What is being asked: What follows is a listing; repeat exactly, and only, its lines from the one holding "Deer Silhouette Canvas" through the last, leaving any pictures out.

Given information:
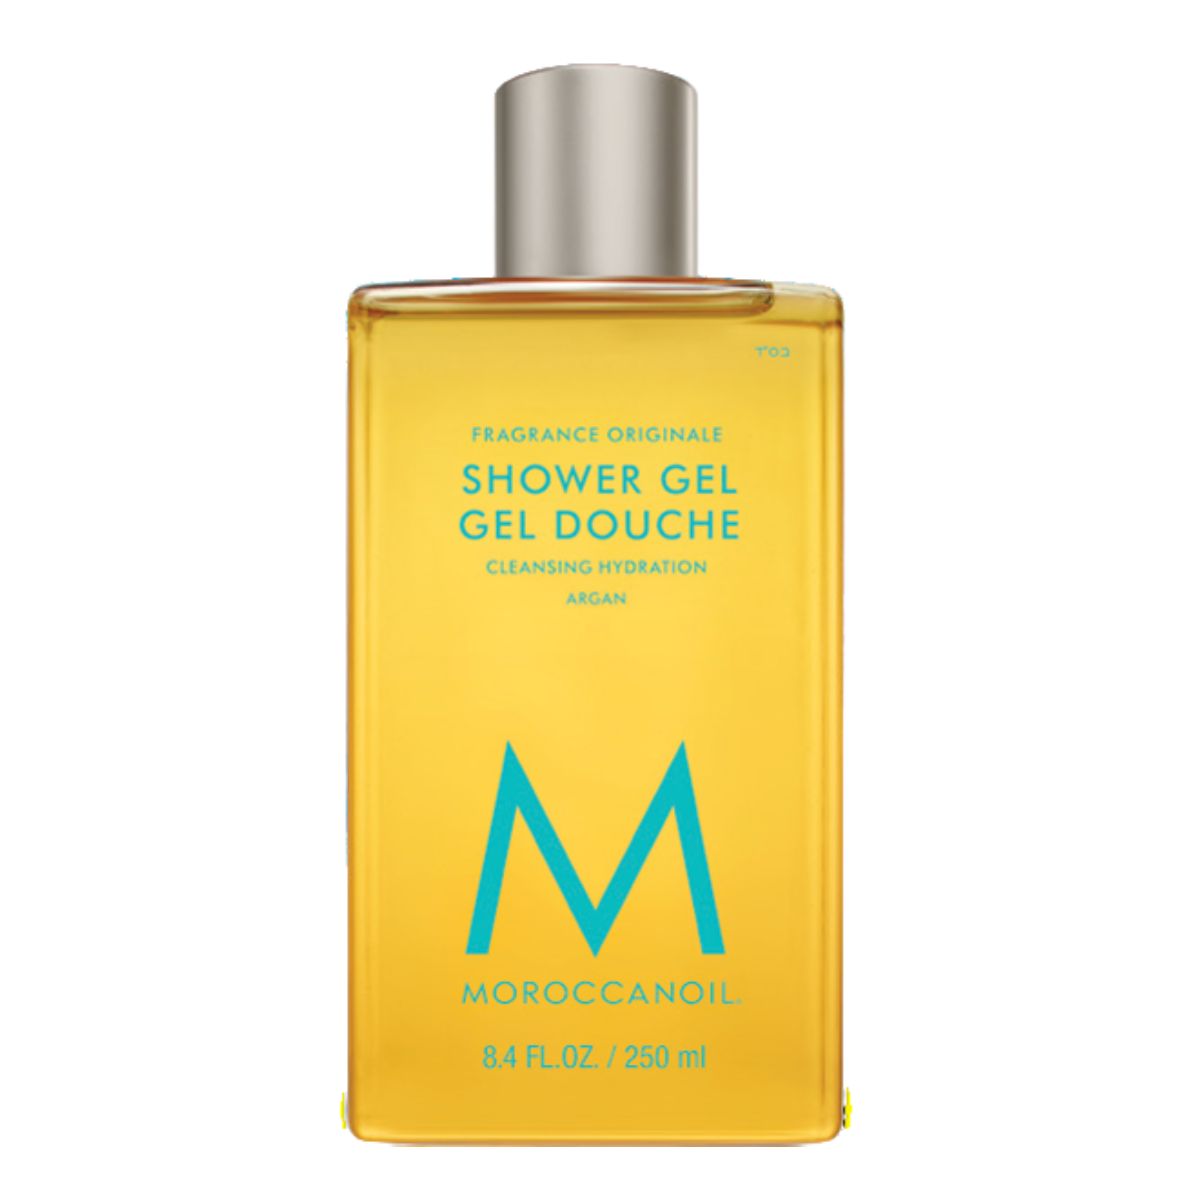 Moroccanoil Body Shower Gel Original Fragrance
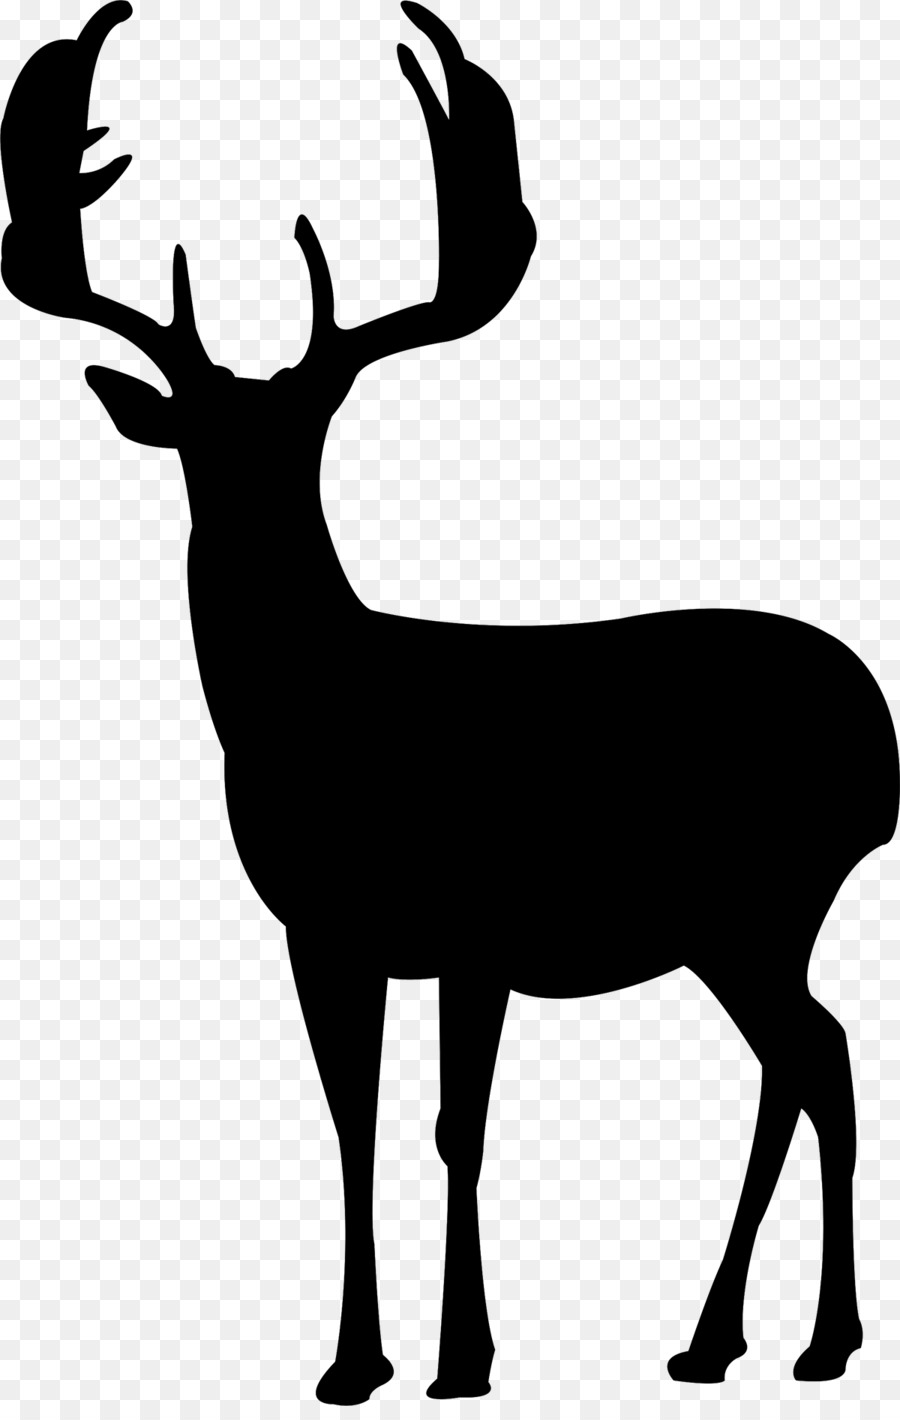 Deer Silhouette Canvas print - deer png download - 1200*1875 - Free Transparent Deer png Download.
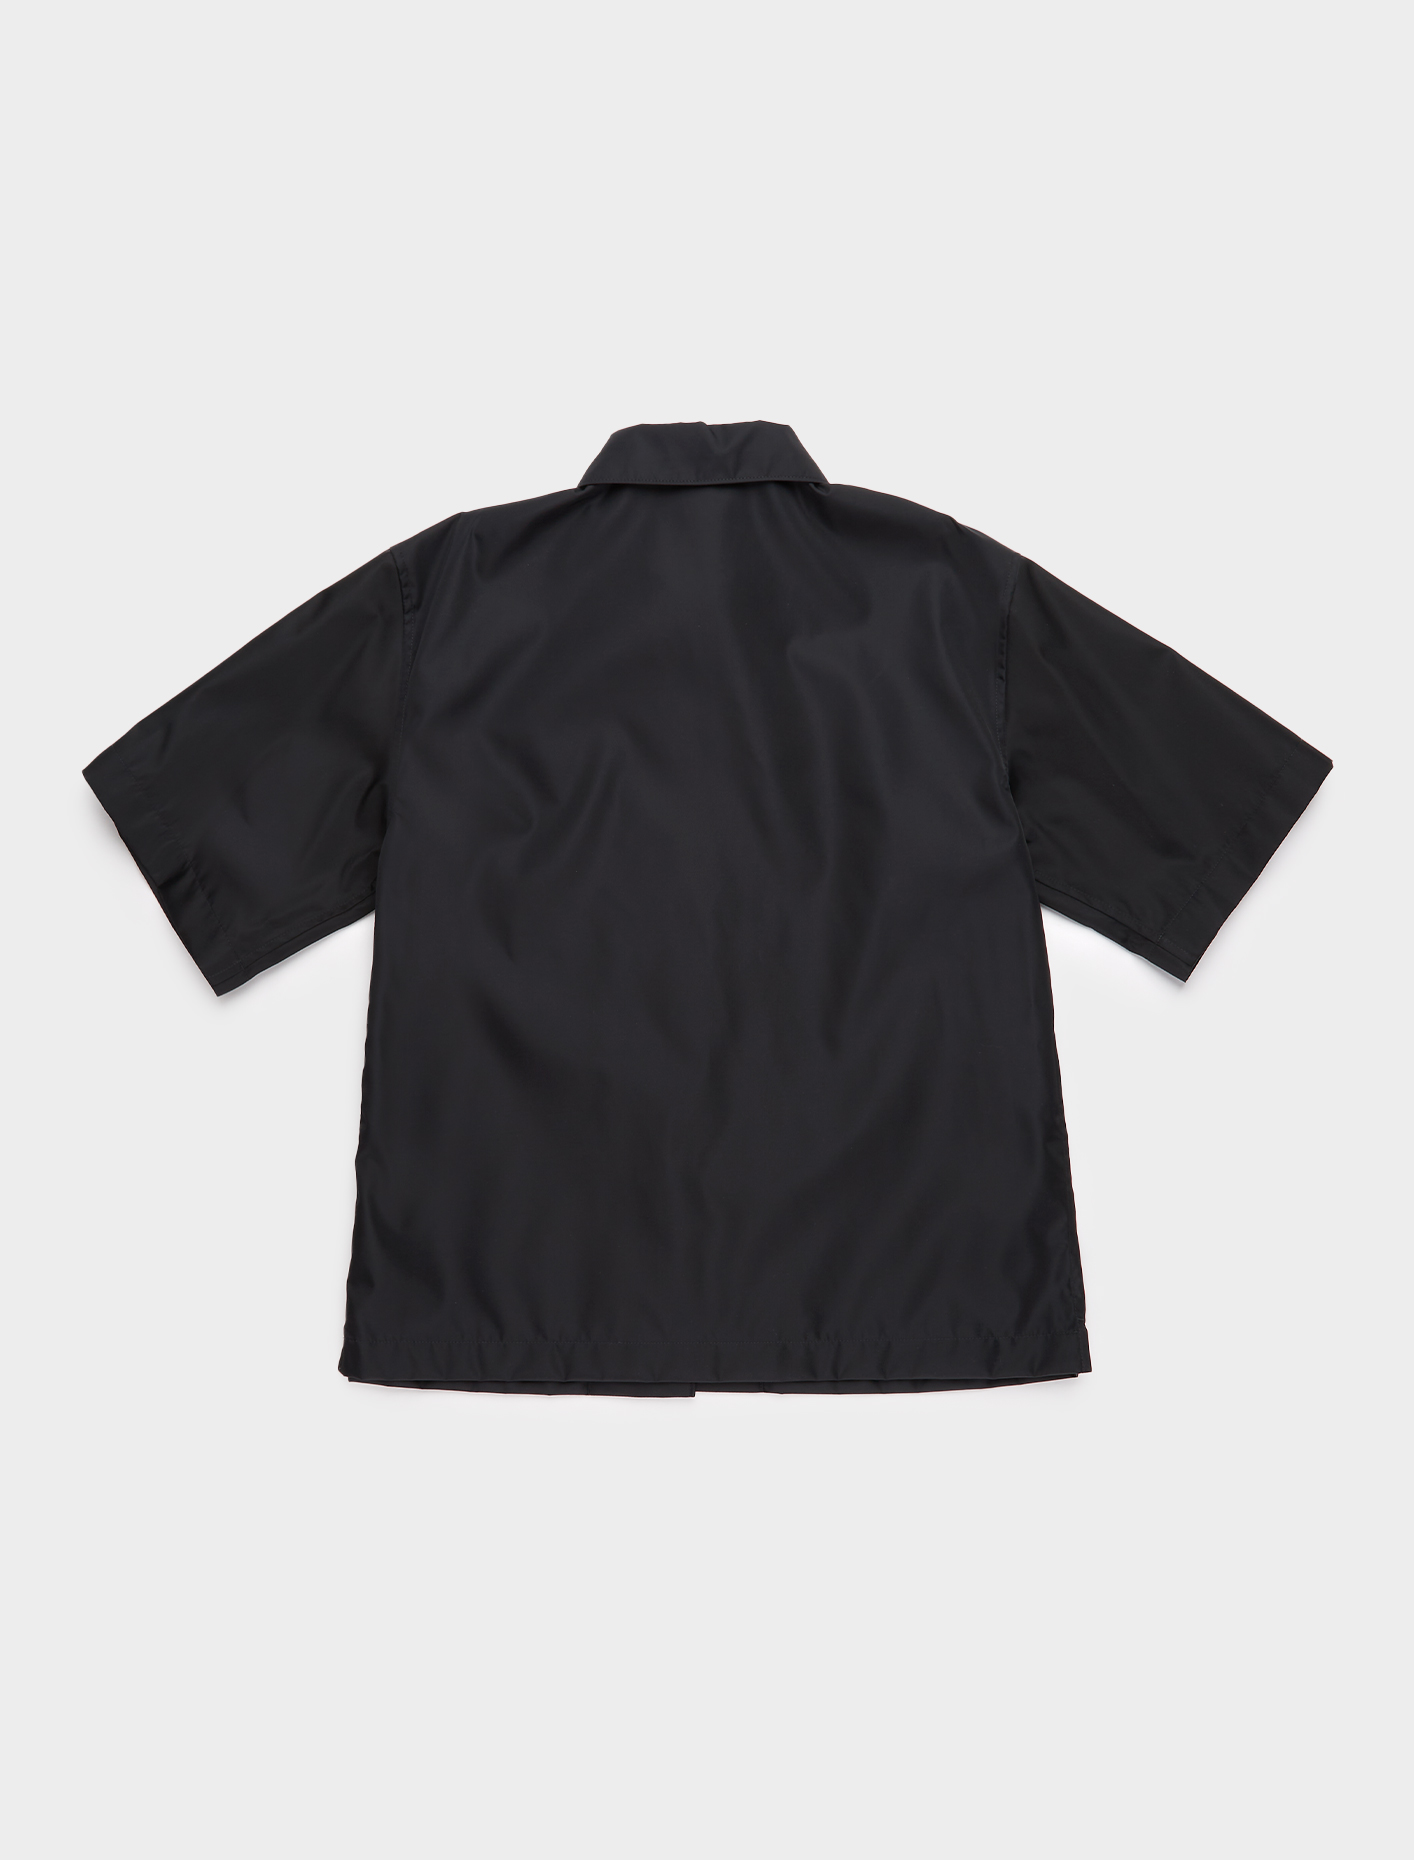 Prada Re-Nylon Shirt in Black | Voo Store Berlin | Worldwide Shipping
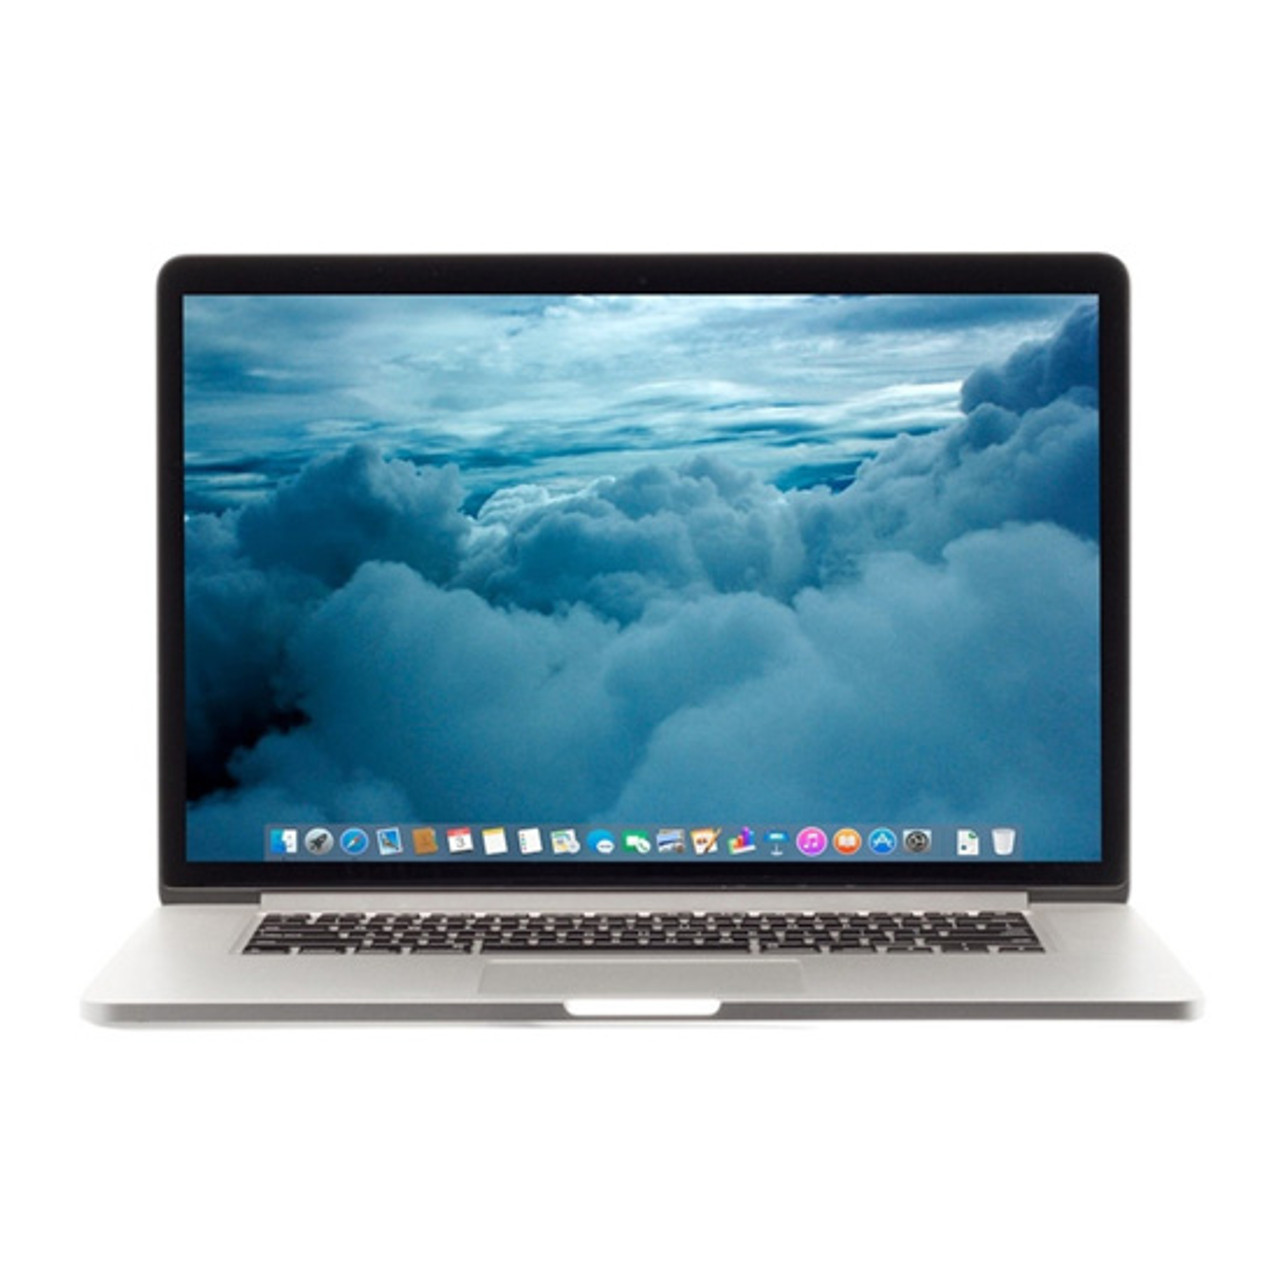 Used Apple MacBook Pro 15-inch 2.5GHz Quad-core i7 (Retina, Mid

Response to the task:
 Deer Silhouette Canvas print - deer png download - 1200*1875 - Free Transparent Deer png Download.
 Prada Re-Nylon Shirt in Black | Voo Store Berlin | Worldwide Shipping
 Used Apple MacBook Pro 15-inch 2.5GHz Quad-core i7 (Retina, Mid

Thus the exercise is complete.